We don’t have an “answering service” but we do have a secretary who fields our calls during the day and follows up with us if we’re on and sometimes when we’re not.

The way it’s worked at both of the hospitals I’ve worked at is they don’t get any number besides the hospital operator… that would be my first step. Figure out how they’re getting your personal number and fix that. We did have an issue a few months ago in which the resident workroom number got inadvertently added to ALL the discharge summaries and it was a disaster.

Then it goes to the nursing station, where they can usually triage. If they do get through to a doctor it’s just whoever’s on inpatient, they wouldn’t call us directly. I would personally only take action if it’s regarding a discharge prescription I/my group provided. Otherwise see PCP or come back to the ED.

My group also does proactive call backs for specific situations, like if a blood culture is pending at discharge and pops positive.

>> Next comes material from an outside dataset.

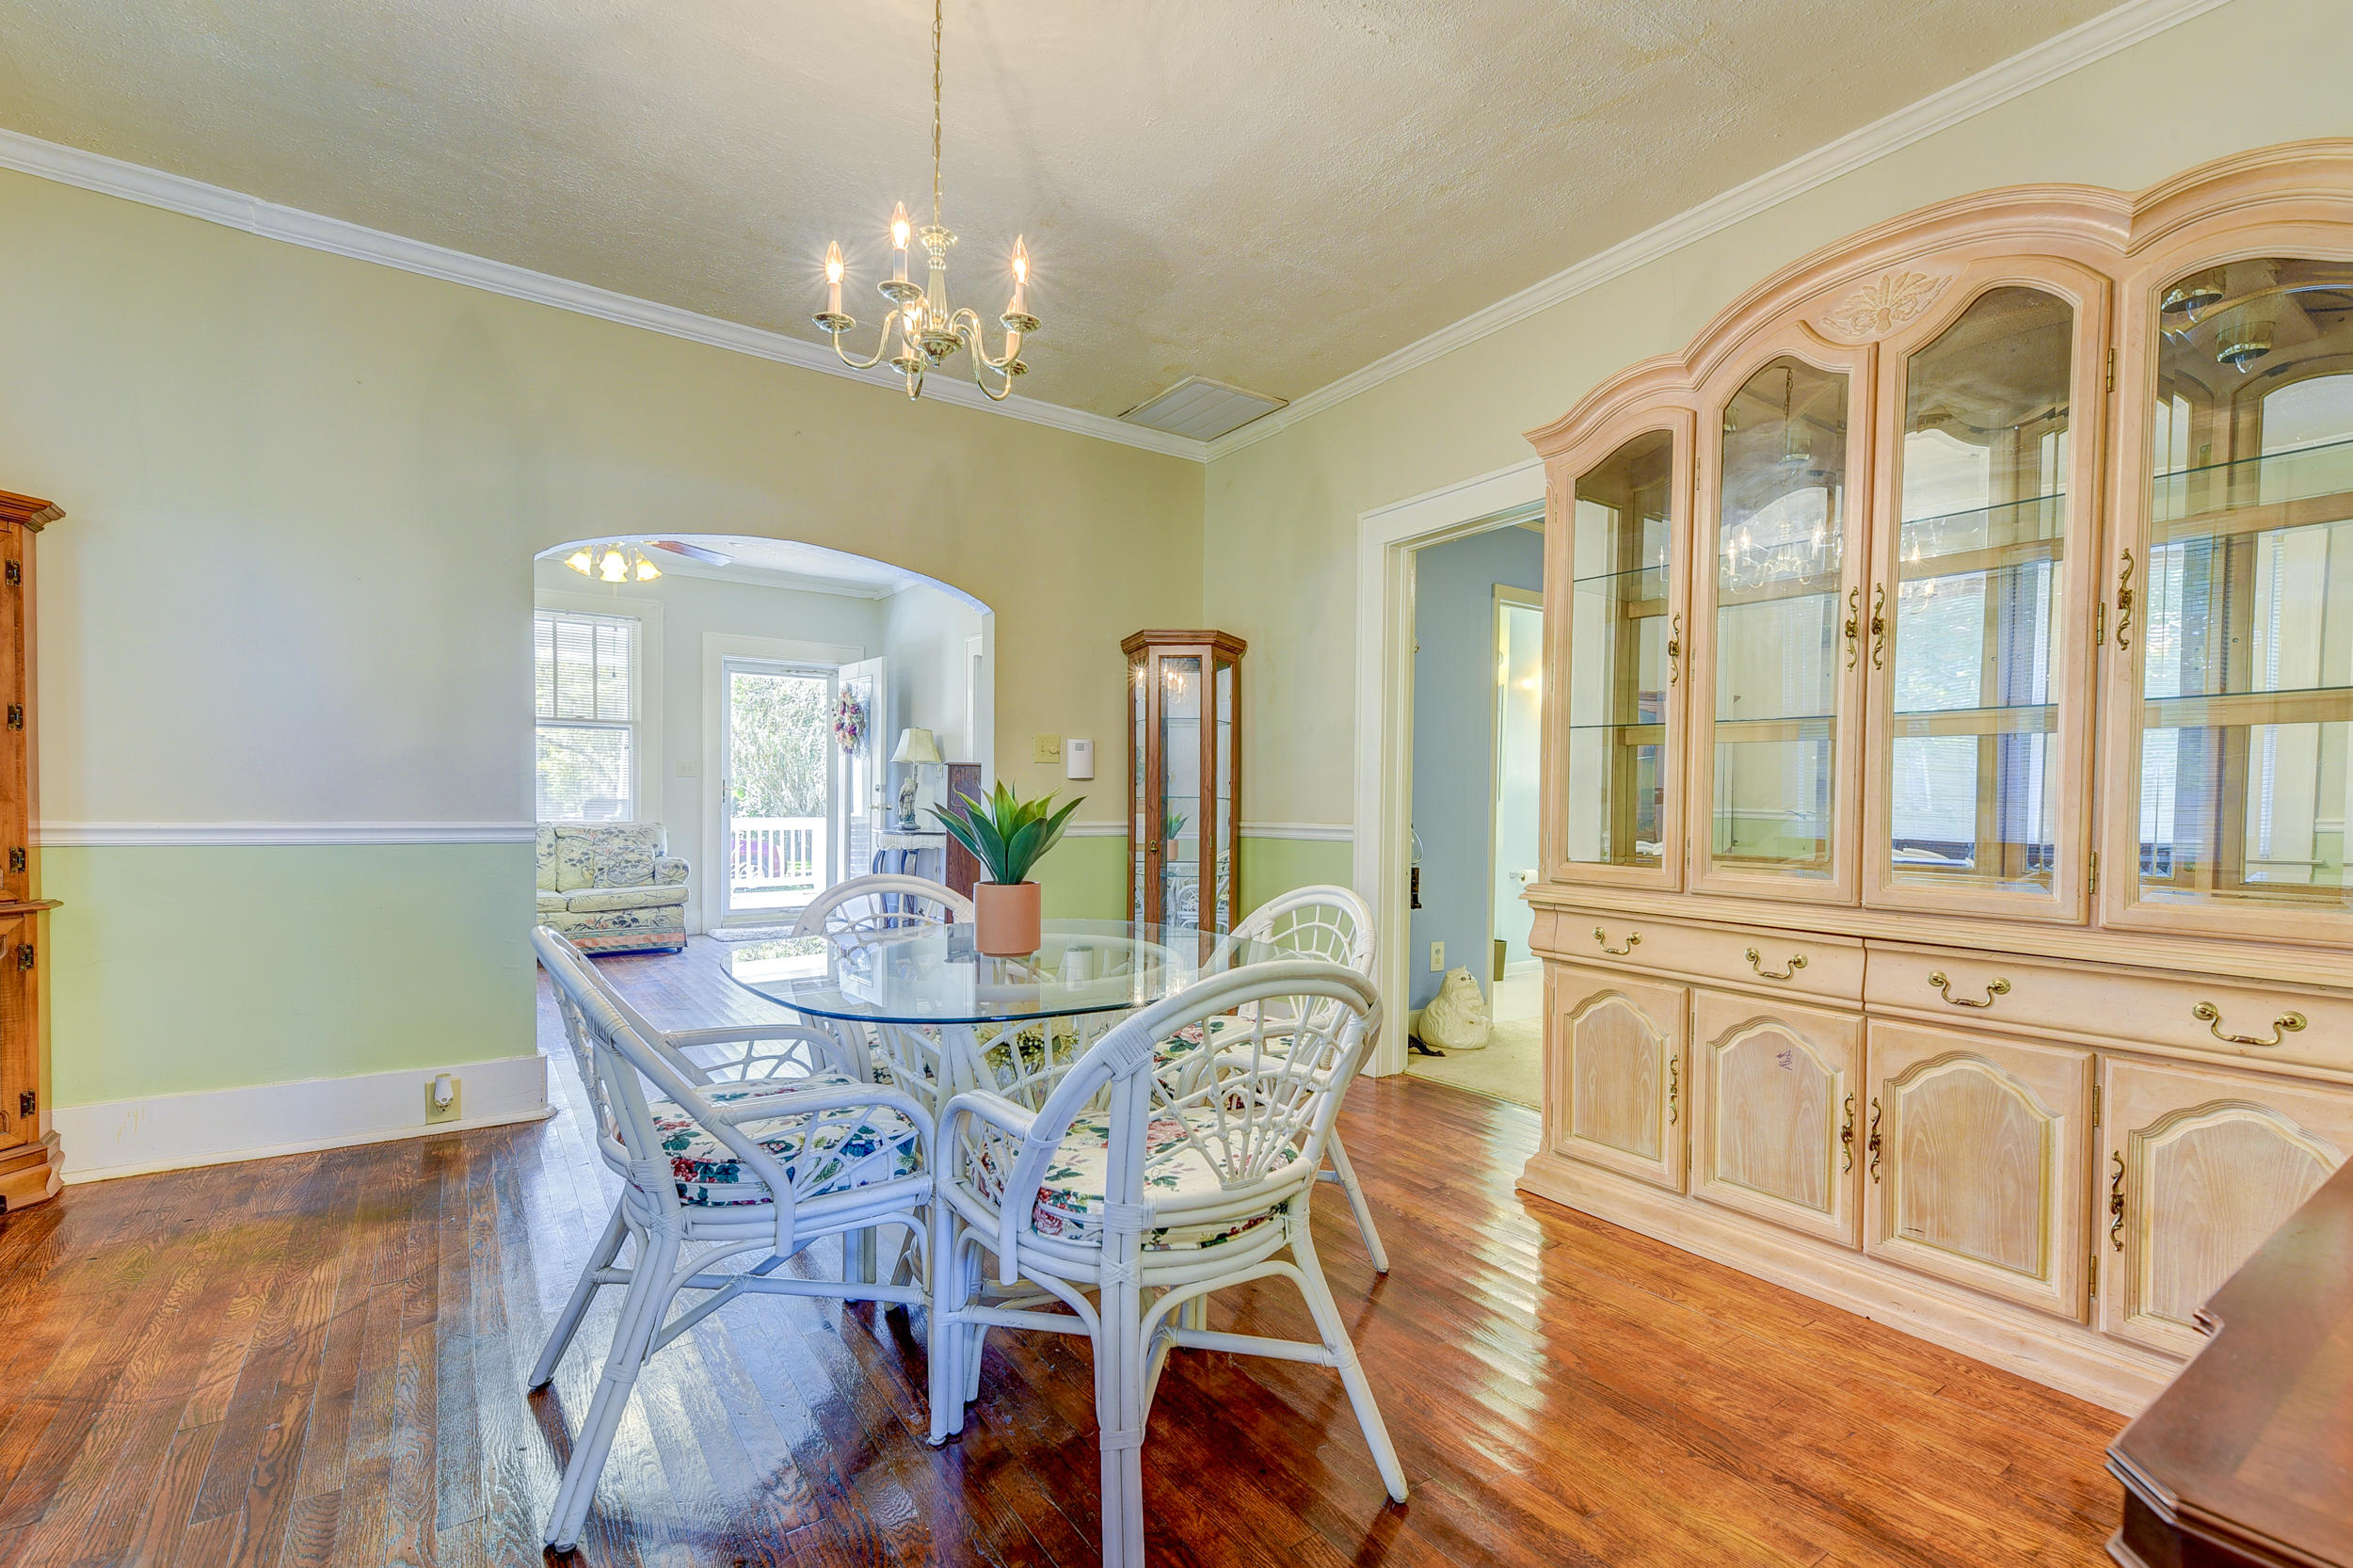 St Andrews Homes For Sale - 1908 2nd, Charleston, SC - 17
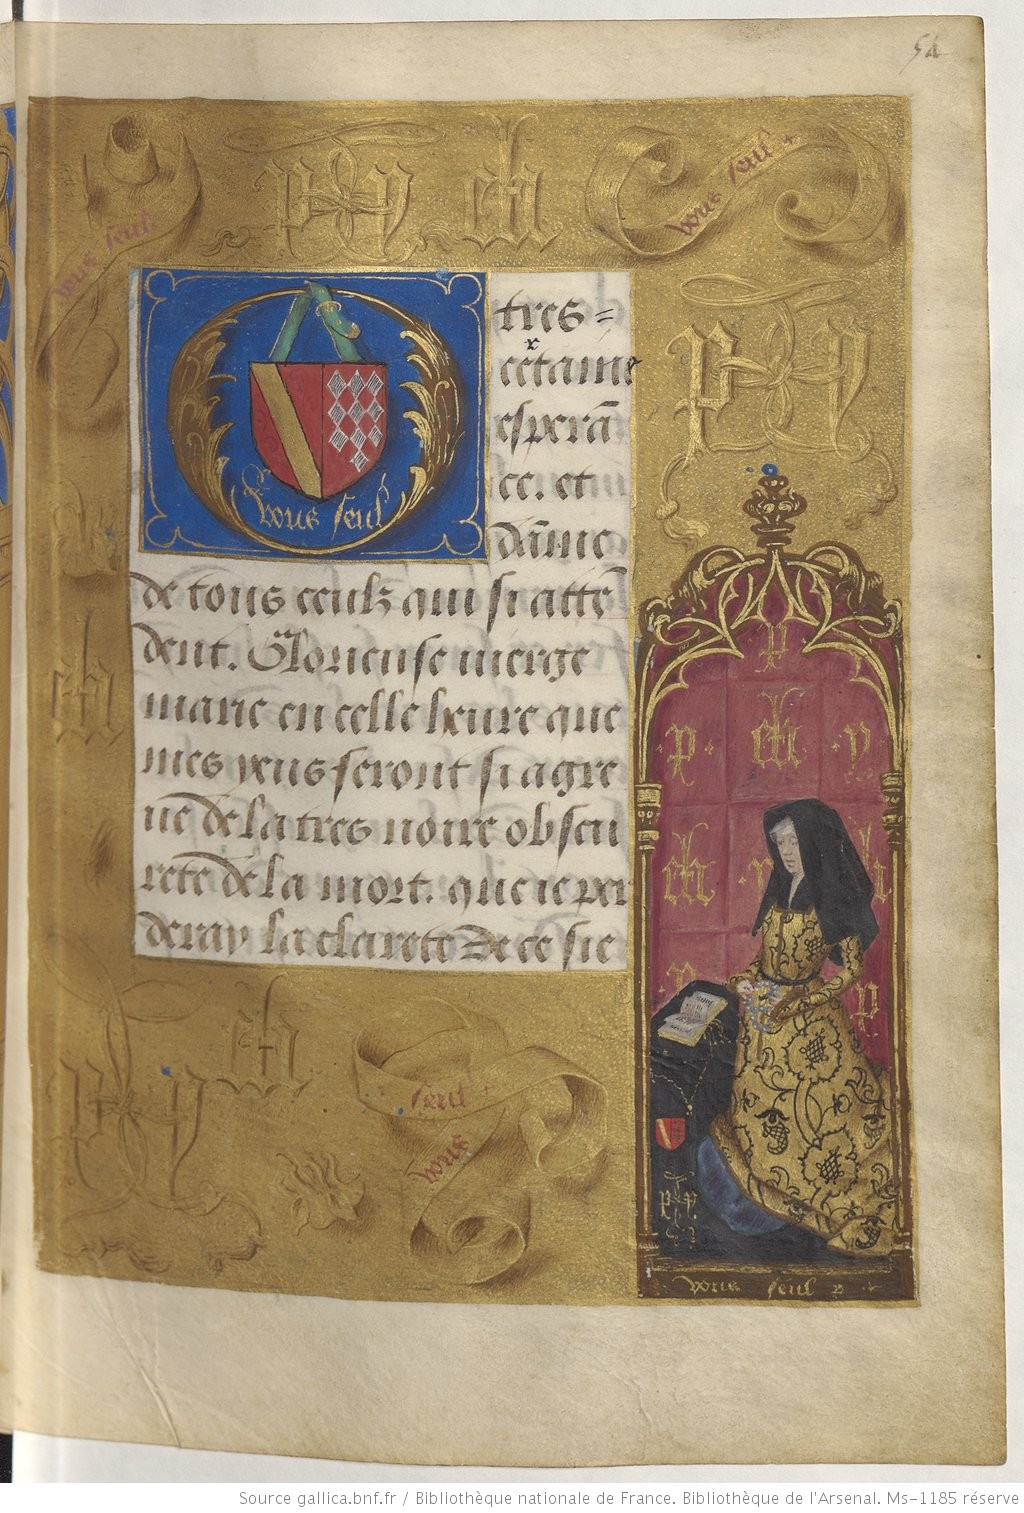 1490-96 Heures de Boussu, BNF Arsenal. Ms-1185 reserve fol 54r Gallica

How are these calls even getting to you? We answer them on the unit and redirect to clinic (+/- rec the on call option if after hours) or EMS/ED for emergency. Occasionally I have to troubleshoot (i.e. contacting a pharmacy to re-order verbally), but you should not be getting calls on your time off!

Hold the insurance company legally responsible for any harm that comes to this patient.

Hey, a man can dream, can’t he?

Contact their PCP. Our hospital also discharges patients with 30 days from hospital pharmacy, so we know if it goes through before the patient leaves.

I think that’s a big part of my irritation too, this expectation to provide medical advice outside of my working hours without pay.

Just to be clear, this is not how I feel when I’m on service. If someone needs urgent/emergent care and it’s 6:01 PM, this is not my attitude. This is specifically for days that I am completely off schedule.